7 Application to GCM-SIV

GCM-SIV is a nonce misuse resistant authenticated encryption scheme of Gueron and Lindell, for which various versions exist [29, 32, 33, 39]. We consider the most recent one, that is also specified in internet draft IETF RFC  [44]. It is built on top of a block cipher \(E:\{0,1\}^{\kappa }\times \{0,1\}^{n}\rightarrow \{0,1\}^{n}\), and the internet draft considers an instantiation with AES-128 (where \(\kappa =n=128\)) or AES-256 (where \(\kappa =256\) and \(n=128\)).

If E is instantiated with AES-128, the first step of an evaluation of GCM-SIV is to derive two 128-bit subkeys \(k_1\parallel k_2\in \{0,1\}^{256}\) based on key k and nonce \(\nu \) as in (6):

$$\begin{aligned} \begin{aligned} k_1&= \mathsf {left}_{n/2}(E_k(\nu \Vert 0)) \parallel \mathsf {left}_{n/2}(E_k(\nu \Vert 1))\,,\\ k_2&= \mathsf {left}_{n/2}(E_k(\nu \Vert 2)) \parallel \mathsf {left}_{n/2}(E_k(\nu \Vert 3))\,. \end{aligned} \end{aligned}$$
(35)

Then, the associated data, message, and nonce are properly fed to the GHASH universal hash function (keyed with \(k_1\)), its outcome is encrypted using \(E_{k_2}\), and the resulting value is set as tag. This tag is, subsequently, set as input to counter mode based on \(E_{k_2}\) to obtain a keystream that is added to the plaintext to obtain the ciphertext. If E, on the other hand, is instantiated with AES-256, the procedure is the same but with a 128-bit and a 256-bit subkey \(k_1\parallel k_2\in \{0,1\}^{384}\) as derived in (6):

$$\begin{aligned} \begin{aligned} k_1&= \mathsf {left}_{n/2}(E_k(\nu \Vert 0)) \parallel \mathsf {left}_{n/2}(E_k(\nu \Vert 1))\,,\\ k_2&= \mathsf {left}_{n/2}(E_k(\nu \Vert 2)) \parallel \cdots \parallel \mathsf {left}_{n/2}(E_k(\nu \Vert 5))\,. \end{aligned} \end{aligned}$$
(36)

We refer to [52, Fig. 3] for a clean picture of this algorithm.

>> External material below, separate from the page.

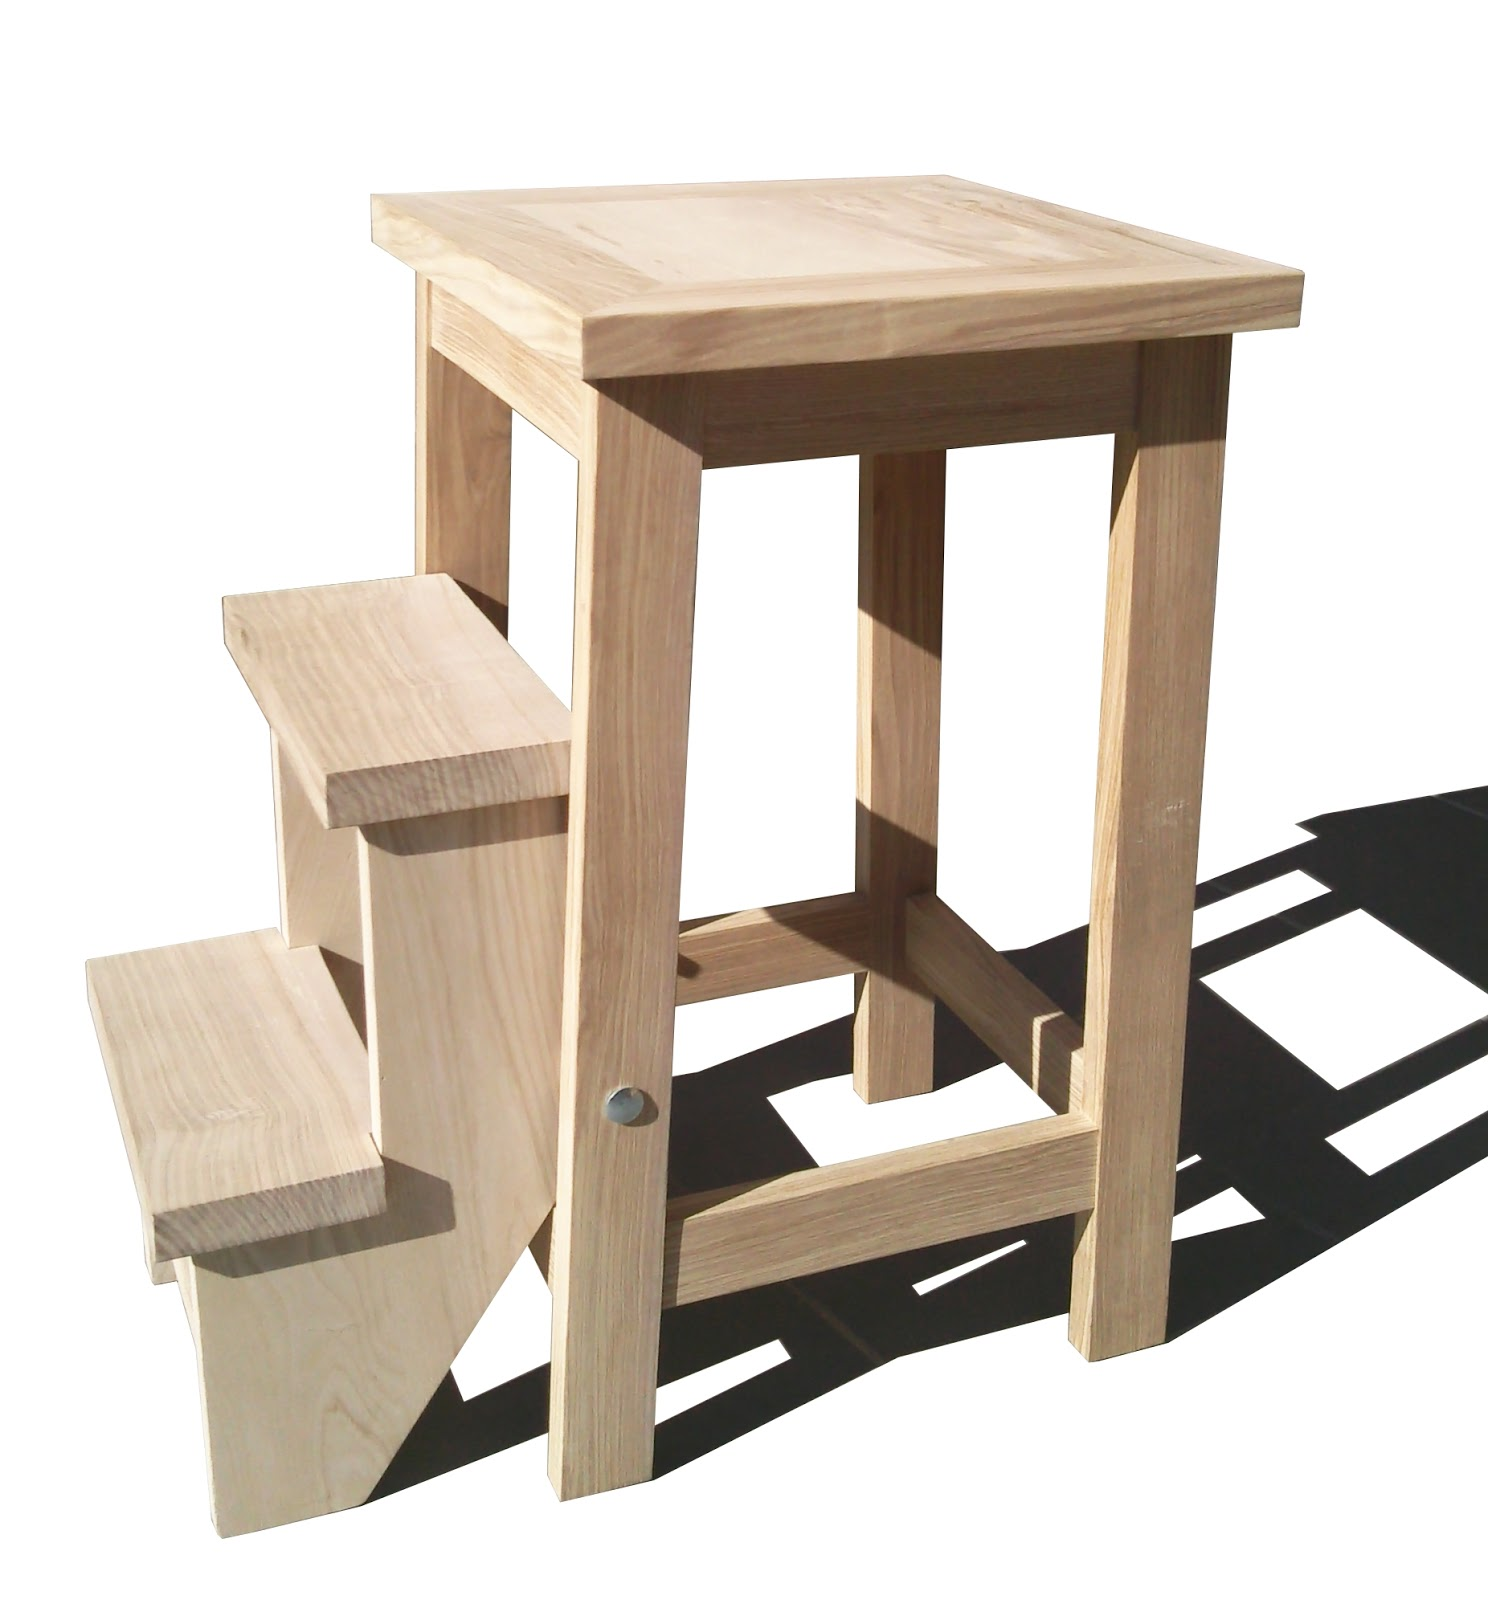 atelier de menuiserie tabourets tables. Black Bedroom Furniture Sets. Home Design Ideas

The isolated character of the key derivation function in GCM-SIV is also well-reflected in the security bound of GCM-SIV. The security bound of GCM-SIV as outlined by Mennink and Neves  [52, Theorem 3], which is in turn taken from Iwata and Seurin  [41], consists of two separated terms:

  • A term upper bounding the PRF security of the key derivation function, namely

    $$\begin{aligned} \mathbf {Adv}_{\mathsf {Trunc}_{n/2}}^{\mathrm {prf}}(c \cdot q) + \mathbf {Adv}_{E}^{\mathrm {prp}}(c\cdot q, t)\,, \end{aligned}$$
    (37)

    where q is the number of invocations of the key derivation function, and where \(c=4\) for the 128-bit keyed variant and \(c=6\) for the 256-bit keyed variant;

  • A term that describes the security of GCM-SIV as an authenticated encryption scheme once \(k_1\) and \(k_2\) are uniformly random. This term is irrelevant for current discussion.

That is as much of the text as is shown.